FIG. 2 shows a jet pump 26 implementing an impeller cavitation control system as in accordance with the invention. The pump 26 includes an intake housing 30 that is attached to the hull 12. The intake housing 30 has an inlet opening 32 that provides a path for sea water to flow into an intake duct 34 located within the intake housing 30. Sea water flows upward and rearward through the intake duct 34 to an impeller 38. The impeller 38 is rotatably driven by an impeller drive shaft 40. The impeller drive shaft 40 passes through an impeller drive shaft opening 42 in the intake housing 30, and is coupled to the engine Output 23 or crankshaft shaft via coupler 24. As the impeller shaft 40 passes through the intake housing 30, the impeller shaft 40 is supported by a sealed bearing assembly 44. The preferred intake housing 30 as well as the preferred sealed bearing assembly 44 is described in detail in copending patent application Ser. No. 08/710,868, entitled "Intake Housing For Personal Watercraft", by James R. Jones, now U.S. Pat. No. 5,713,768, issued on Feb. 3, 1998, which is assigned to the assignee of the present application.

External to the intake housing 30, coupling head 46 is threaded onto the impeller drive shaft 40. The impeller coupling head 46 is preferably driven by the coupler 24 through an elastomeric member 48, although other coupling techniques can be used in accordance with the invention. The preferred coupler 24, elastomeric member 48, and impeller coupling head 46 are disclosed in detail in copending patent application Ser. No. 08/735,325, entitled "Engine Drive Shaft Coupler For Personal Watercraft", by Jerry Hale, now U.S. Pat. No. 5,720,638, issued on Feb. 24, 1998, which is assigned to the assignee of the present application.

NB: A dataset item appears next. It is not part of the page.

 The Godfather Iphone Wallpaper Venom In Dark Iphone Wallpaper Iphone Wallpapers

The impeller 38 rotates within a wear ring 50 to accelerate sea water flowing through the jet pump 26. A stator 52 is located rearward of the impeller 38 and the wear ring 50. The stator 52 has several stationary vanes 54, preferably seven (7) vanes, to remove swirl from the accelerated sea water. After the sea water exits the stator 52, the water flows through a nozzle 56. As used herein, the term "jet drive duct" refers to the water flow passage defined by the combination of the intake duct 34, the wear ring 50, the stator 52, and the nozzle 56. The preferred construction of the stator 52 and the nozzle 56 is described in detail in copending U.S. patent application Ser. No. 08/710,869, entitled "Stator And Nozzle Assembly For Jet Propelled Personal Watercraft", by James R. Jones, now U.S. Pat. No. 5,713,769, issued on Feb. 3, 1998, which is assigned to the assignee of the present application.

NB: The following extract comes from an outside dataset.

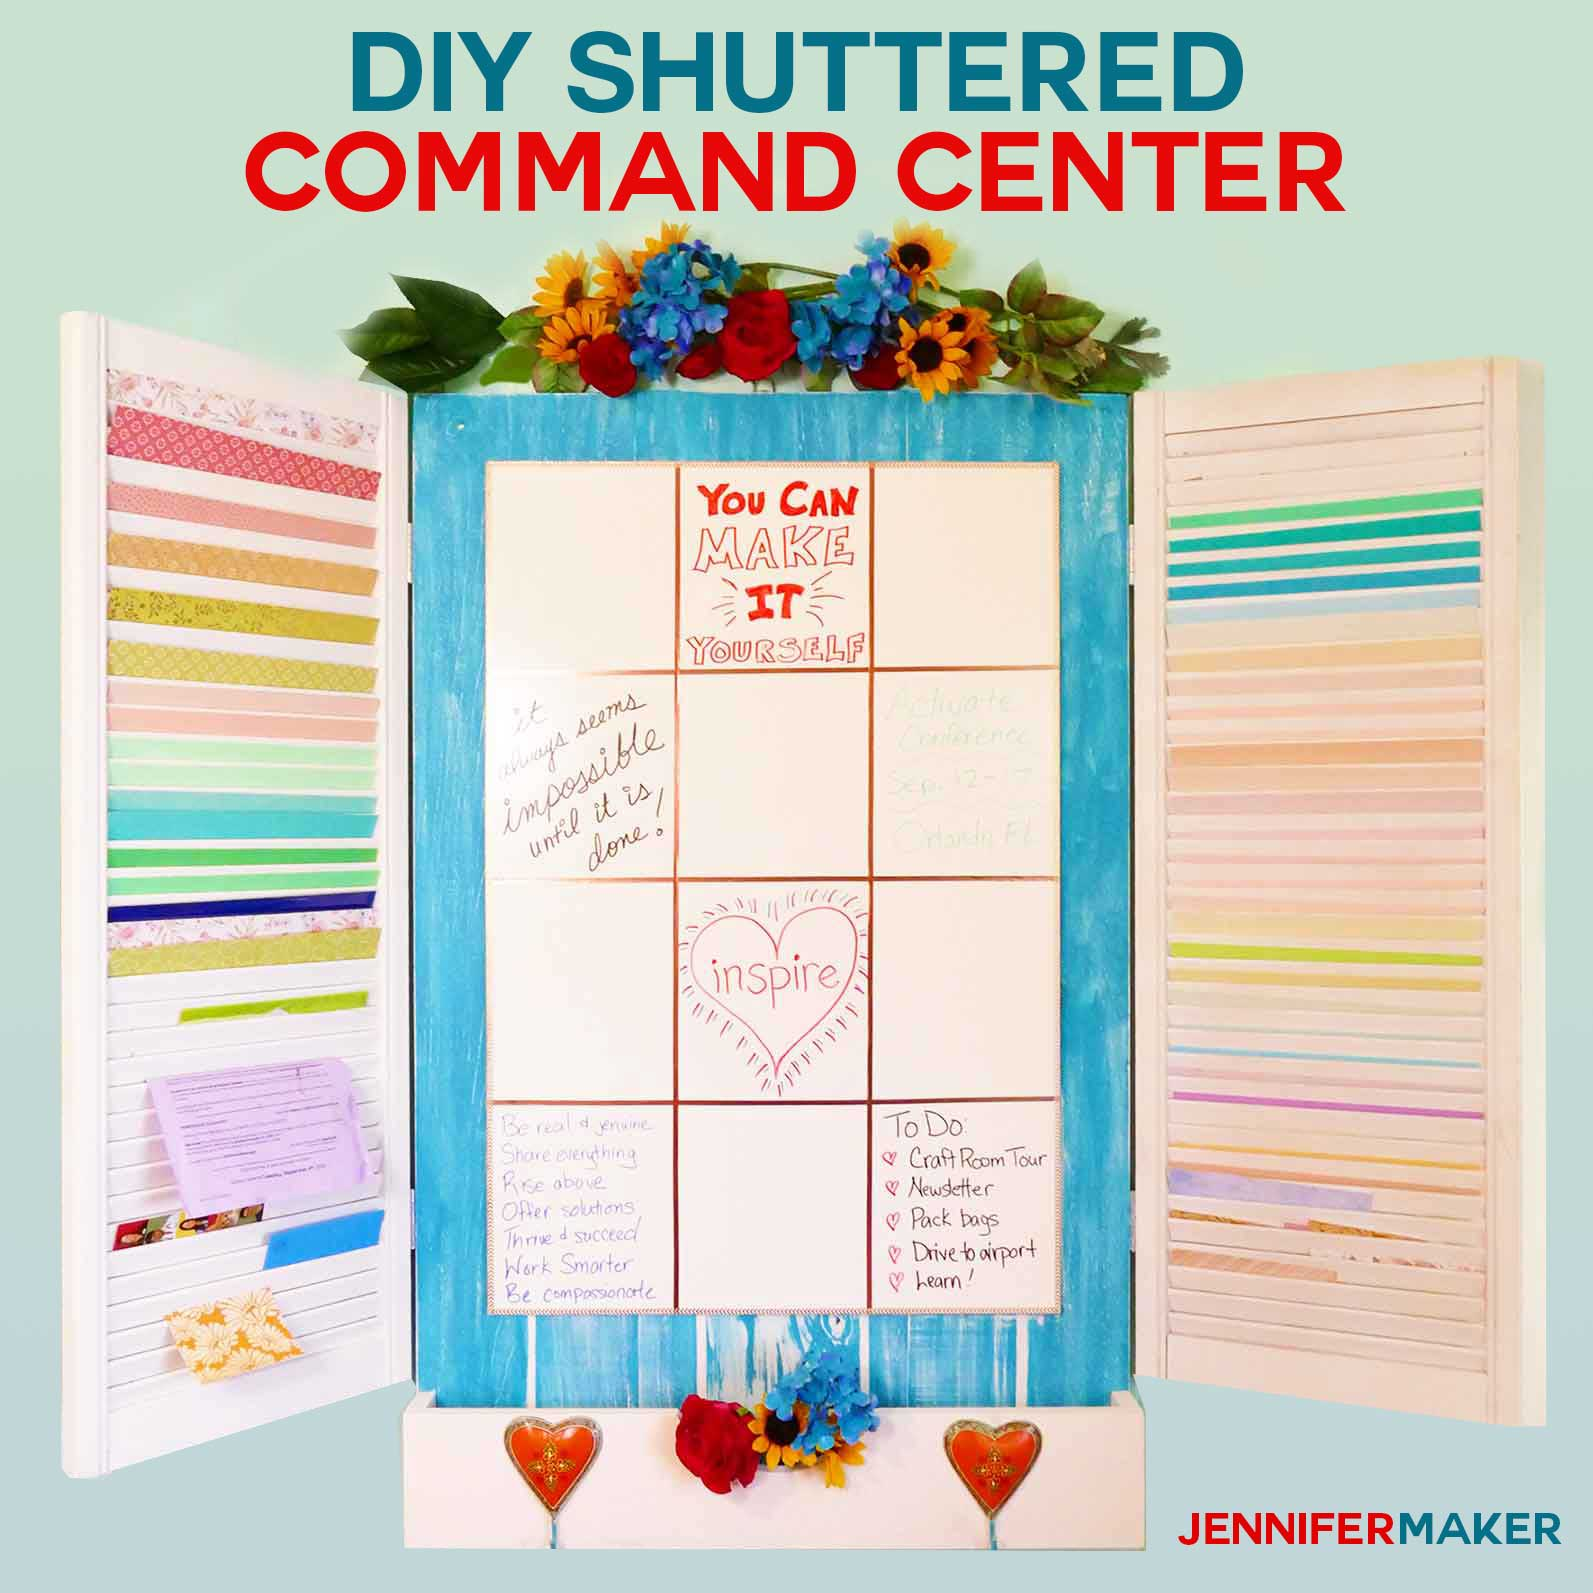 DIY Command Center with Paper Storage - Jennifer Maker

Sea water exiting the nozzle 56 is directed by rotating tubular rudder 58 about a vertical axis to steer the personal watercraft 10. The reverse gate 28 is preferably mounted to the nozzle 56 along a horizontal axis. Alternatively, the reverse gate 28 can be mounted to a trimming gimbal along a horizontal axis. The preferred reverse gate mechanism is described in detail in copending patent application Ser. No. 08/783,440, entitled "Reverse Gate For Personal Watercraft", by James R. Jones, Peter P. Grinwald and Richard P. Christians, now U.S. Pat. No. 5,752,864, issued on May 19, 1998, which is assigned to the assignee of the present application.

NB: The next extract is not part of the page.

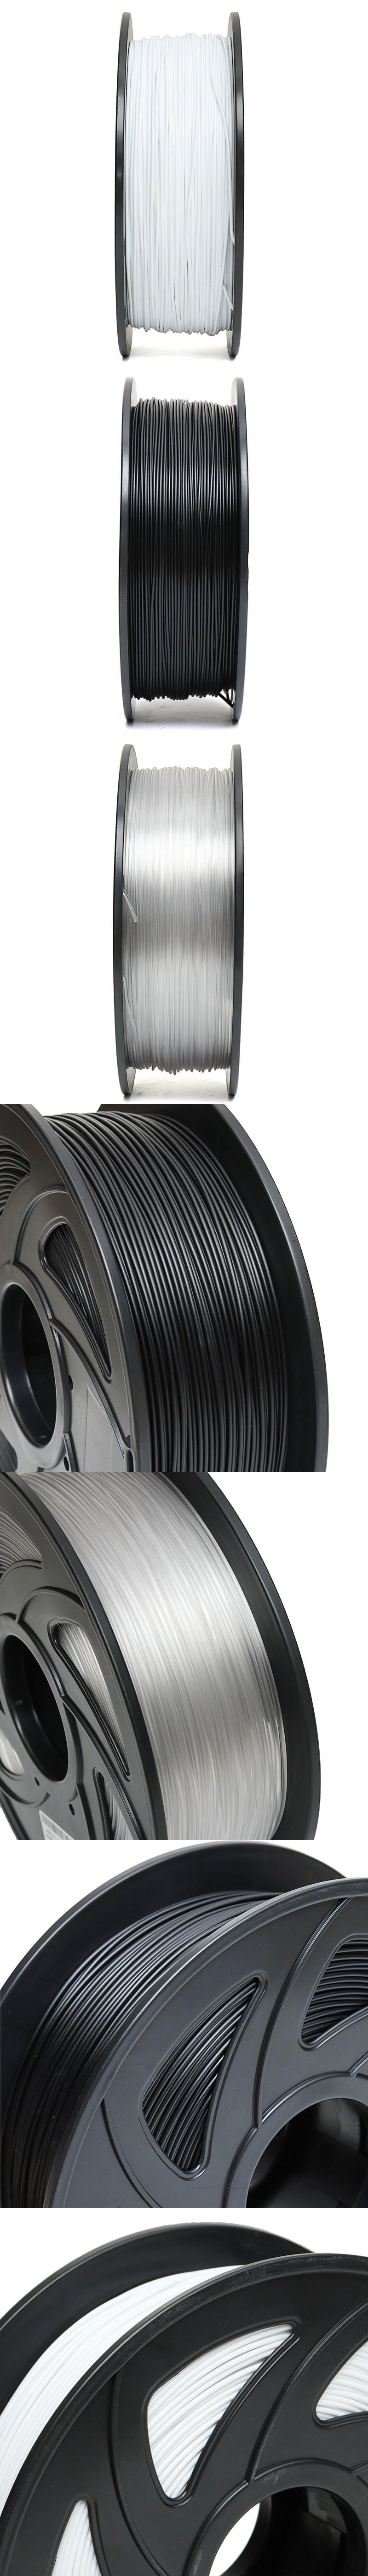 1KG 1.75mm PETG Filament Black White or Nude Color New Filament for 3D Printer 23

An inlet adapter plate 60 is connected to the intake housing 30 upstream of the intake duct 34 to adapt intake housing 30 to the hull 12 on the underside of the watercraft 10. A tine assembly 62 has a plurality of tines that extend rearward from the inlet adapter 60 to cover the inlet opening 32. A ride plate 64 is mounted to the inlet adapter 60 rearward of the inlet opening 32. The ride plate 64 covers the area rearward of the inlet opening 32 to the transom of the watercraft 10 so that the pump components are not exposed below the watercraft 10. The ride plate 64 is supported in part by a depending boss 66 on the nozzle 56. The preferred inlet adapter system, including the inlet adapter plate 60, the tine assembly 62, and the ride plate 64, are disclosed in detail in copending patent application Ser. No. 08/717,915, entitled "Inlet Adapter For A Personal Watercraft", by James R. Jones, now U.S. Pat. No. 5,700,160 issued on Dec. 23, 1997, which is assigned to the assignee of the present application.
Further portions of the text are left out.